Already public works surveyors have laid out stakes with flags, he said.

Payson Mayor Kenny Evans has the survey paperwork on his desk. He said that if a line were drawn from Graham Ranch Road south to Highway 260, the Alliance will own everything east of that line and GCC will own everything west. The county has not determined the exact amount of acreage GCC and the Alliance will own, but approximations are that GCC will own 38 acres and the SLE 15, said Evans.

Evans gave Supervisor Shirley Dawson credit for moving the project along quickly.

“She went from being a skeptic to a real supporter after sitting down with the Alliance and having her concerns addressed,” said Evans.

Loeffler still has concerns, however. He said his primary concern revolved around finances. Especially since the $300,000 needed to maintain the buildings on the land the county manages is not included in the current budget.

“Is there any way to make this financially easier for the GCC board?” asked Loeffler. He hopes the county has a grant for economic development available.

Dawson said GCC should take over responsibility for its own facilities. “GCC must grow up and take responsibility,” she said.

McDaniel indicated that staff feels proceeds from the sale of land to the Alliance should go to the college.

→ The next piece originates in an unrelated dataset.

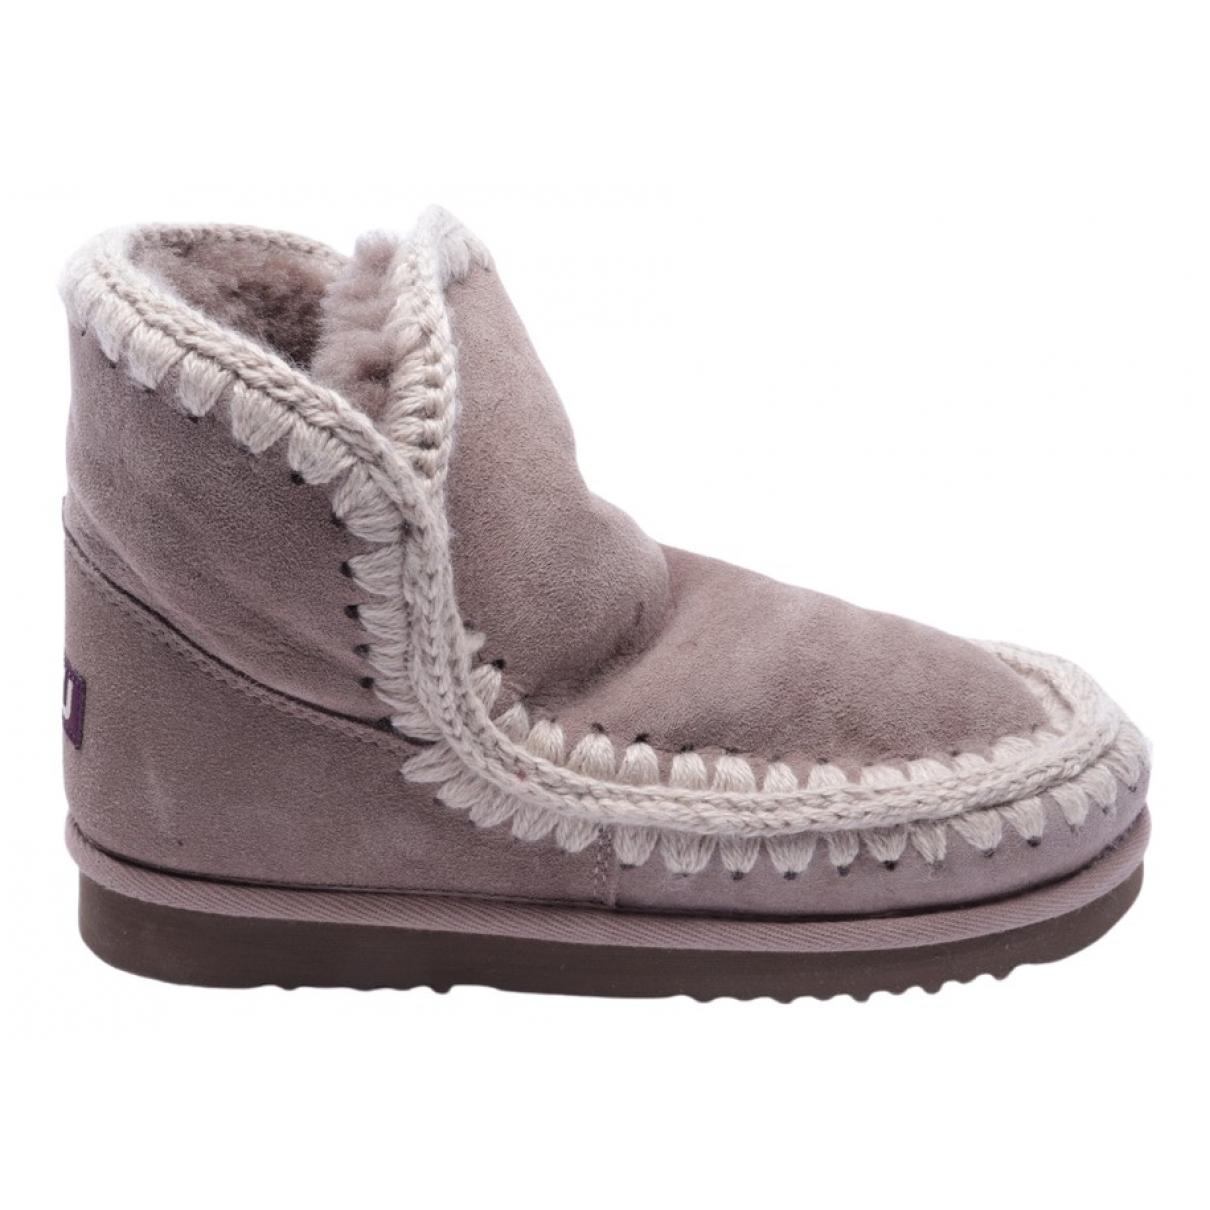 Mou - Boots   pour femme en cuir - beige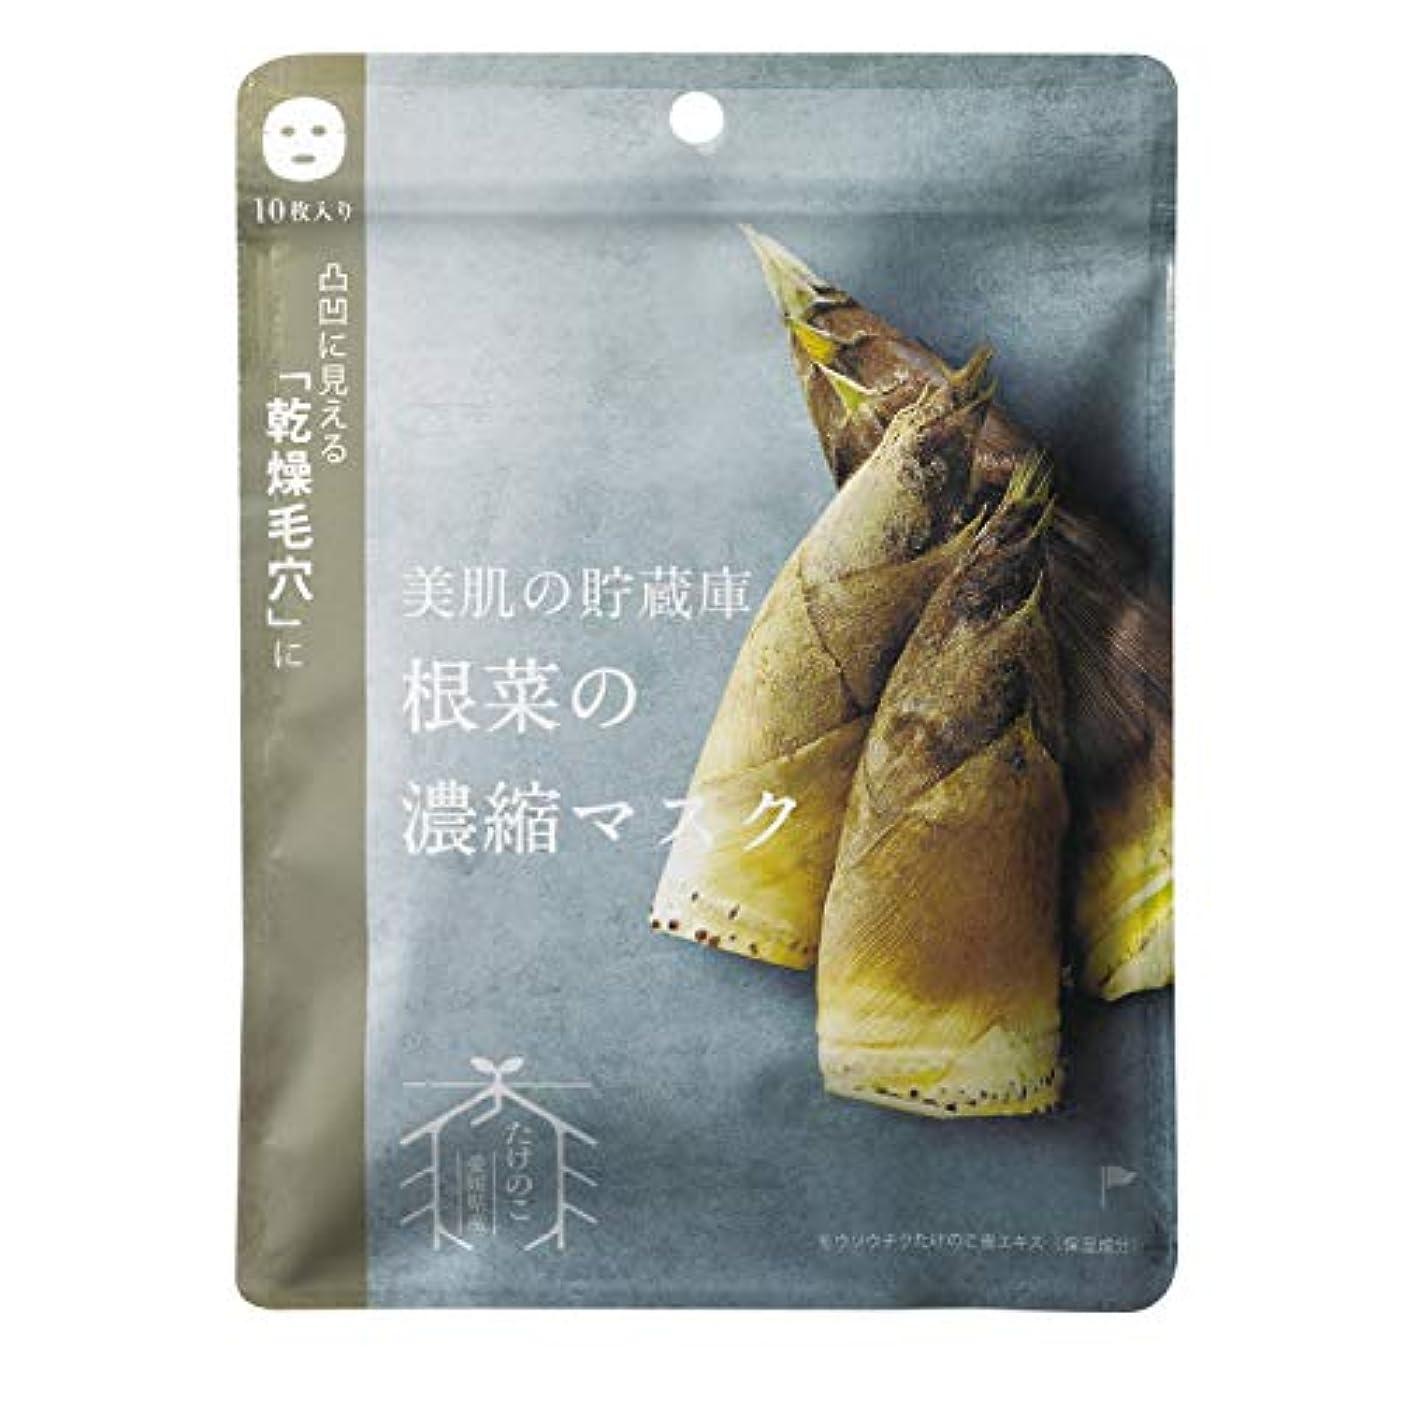 効果的生議論する@cosme nippon 美肌の貯蔵庫 根菜の濃縮マスク 孟宗竹たけのこ 10枚 160ml

Loeffler wanted to make sure that ASU would have enough land since the eastern portion of the property did not offer enough space to create a college campus. He also wanted to restrict the building of commercial or industrial buildings on the piece of land the Alliance would purchase.

Loeffler asked that a memorial trail be incorporated into any future design of the two campuses. Finally, he wanted a design for the two campuses that would create a seamless interface.

“With regards to the college maintenance, there will be income to GCC from the sale of the land,” said Dawson.